> _Records for processing_:
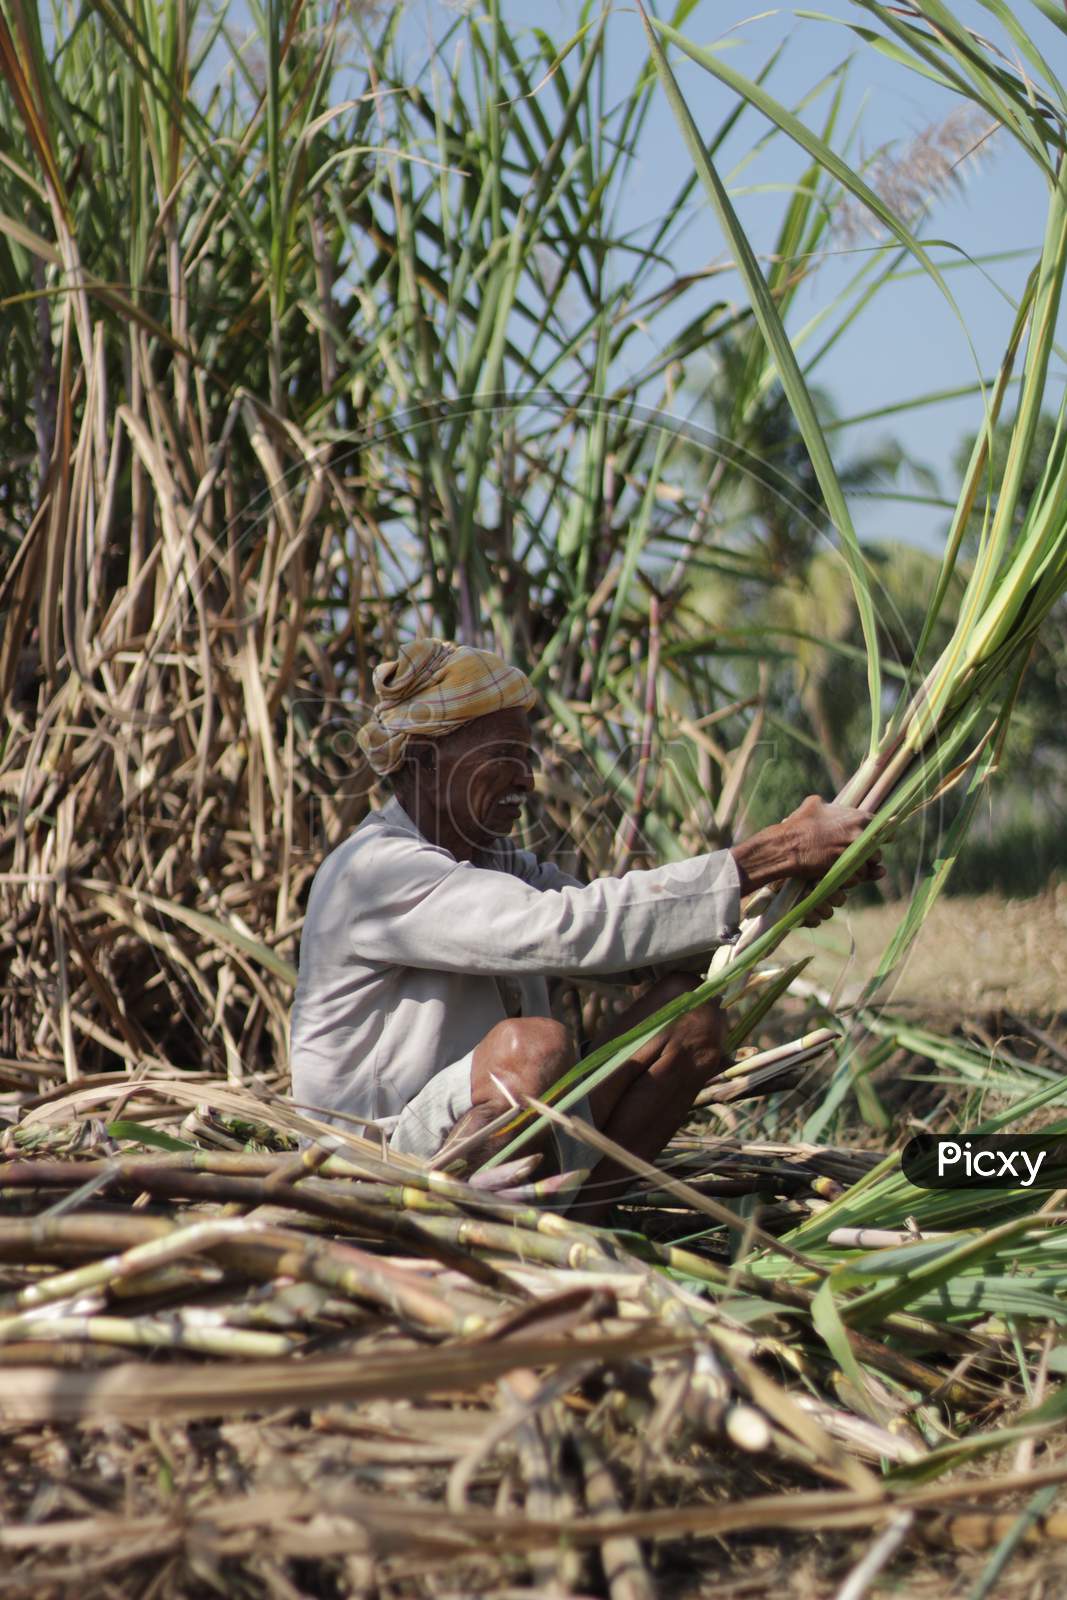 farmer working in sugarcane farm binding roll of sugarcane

...

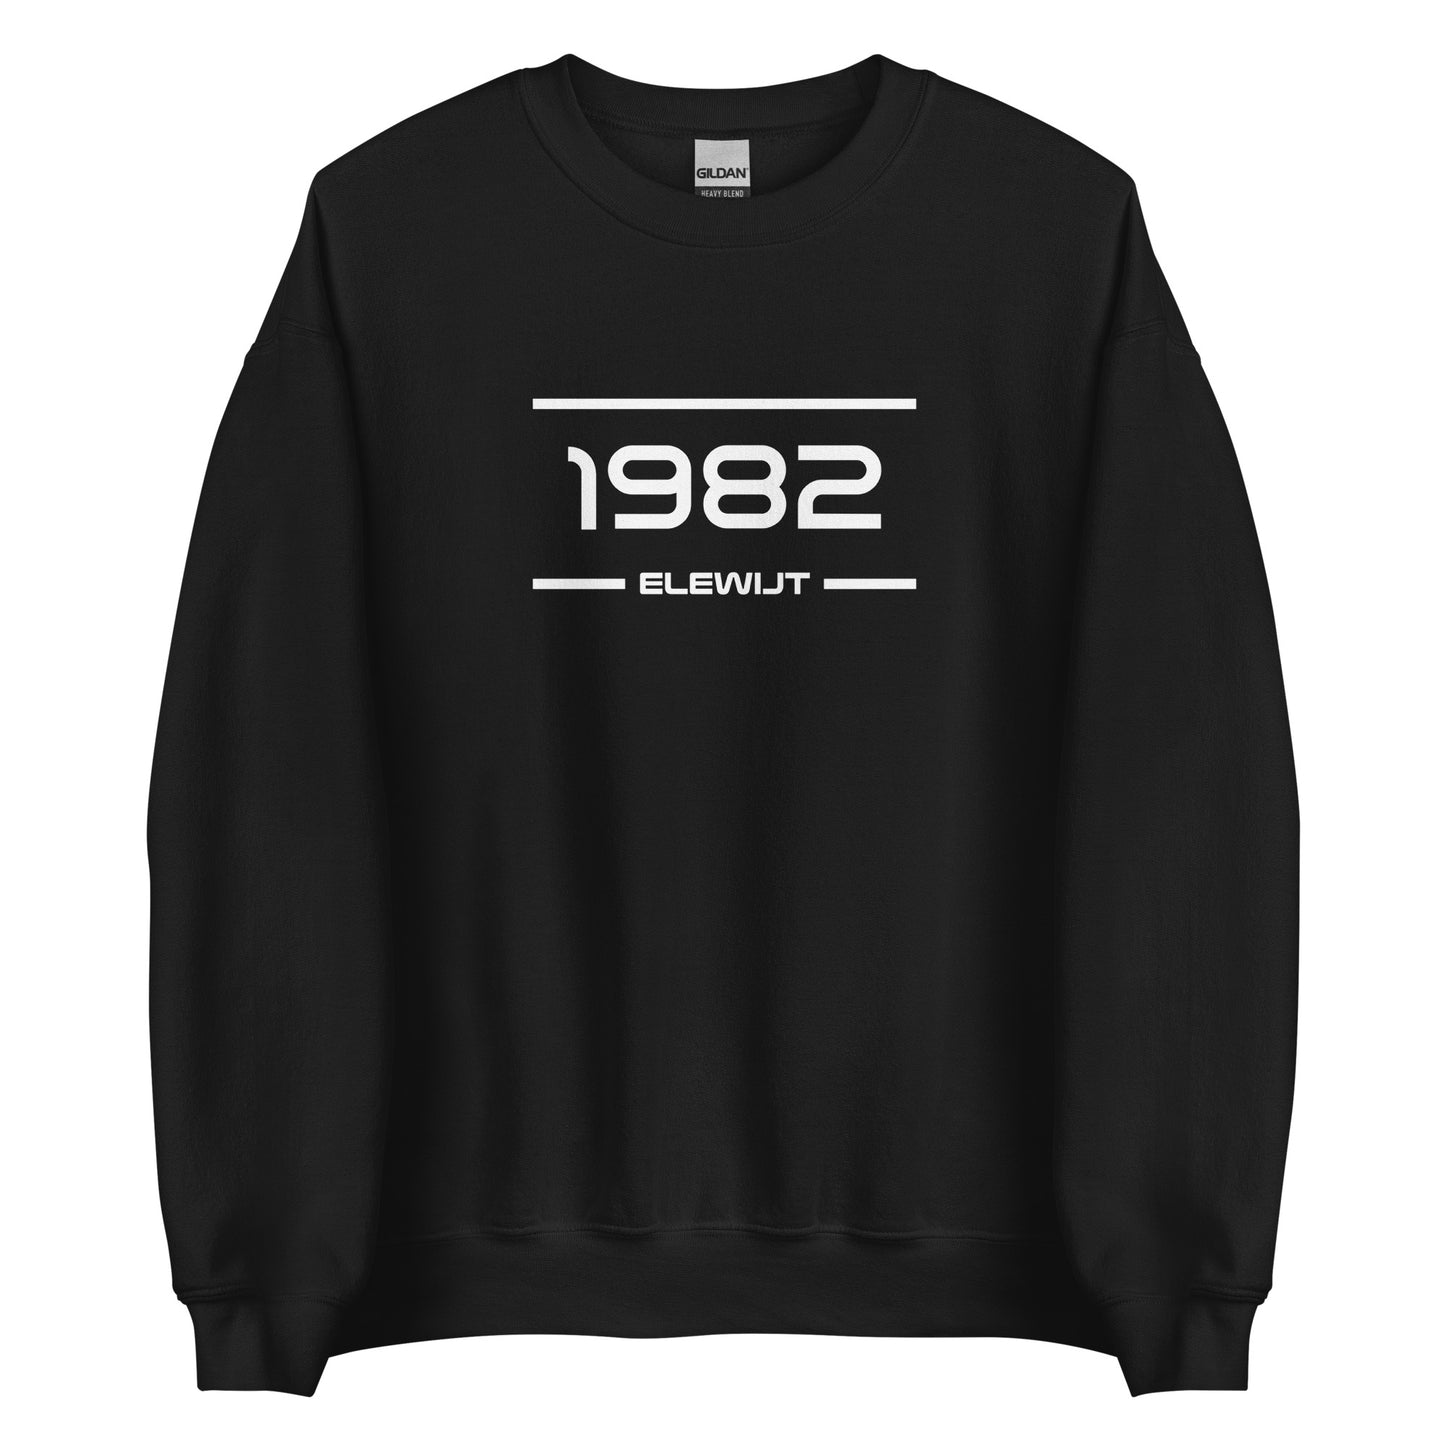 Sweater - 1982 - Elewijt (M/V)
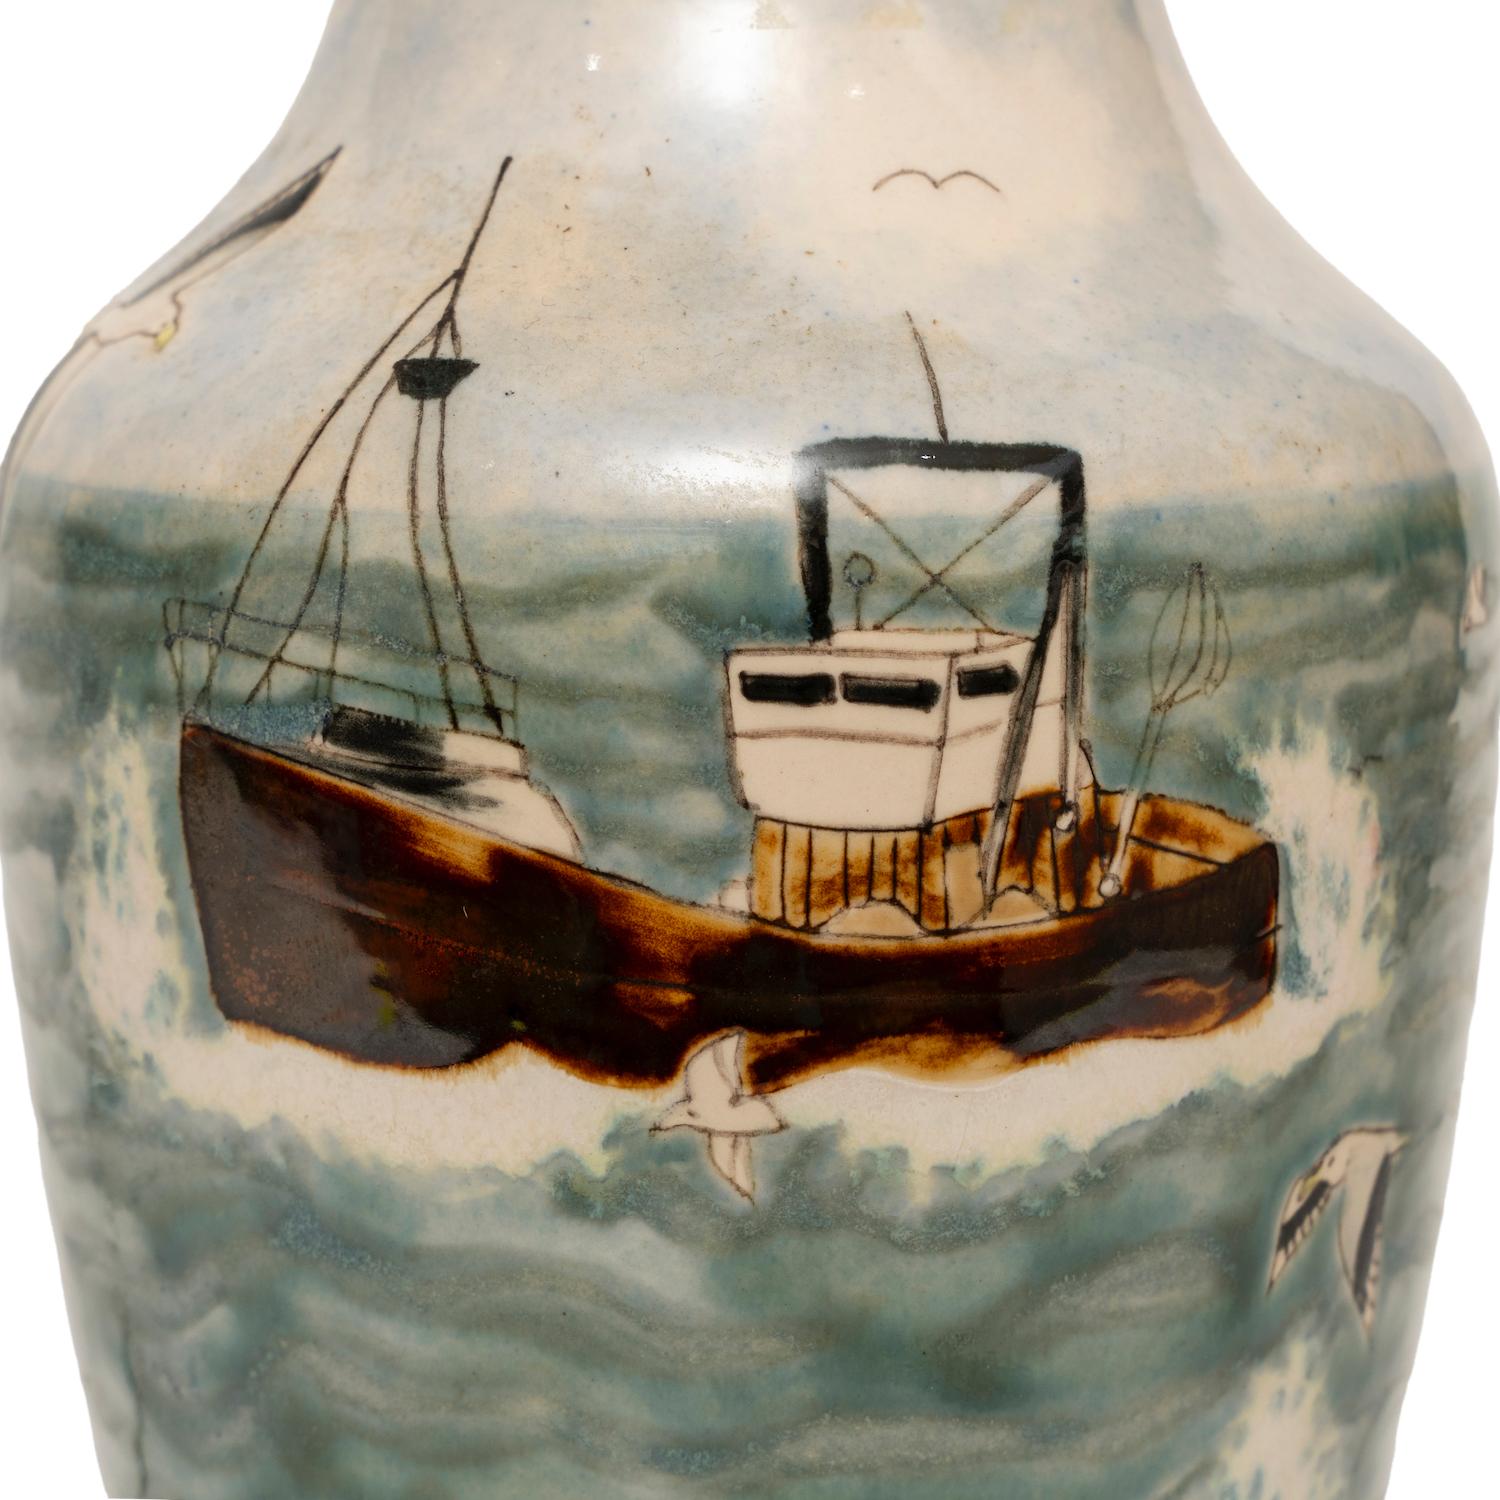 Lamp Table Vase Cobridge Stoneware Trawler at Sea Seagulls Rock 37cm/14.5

> _Exercise description_: Transcribe exactly the lines above, beginning at the one with "Sweater - 1982 - Elewijt (M/V)" and going up to and including the one with "Lamp Table Vase". Pictures do not belong in the copy.

> _Result of the task_:
 Sweater - 1982 - Elewijt (M/V)
 Lamp Table Vase Cobridge Stoneware Trawler at Sea Seagulls Rock 37cm/14.5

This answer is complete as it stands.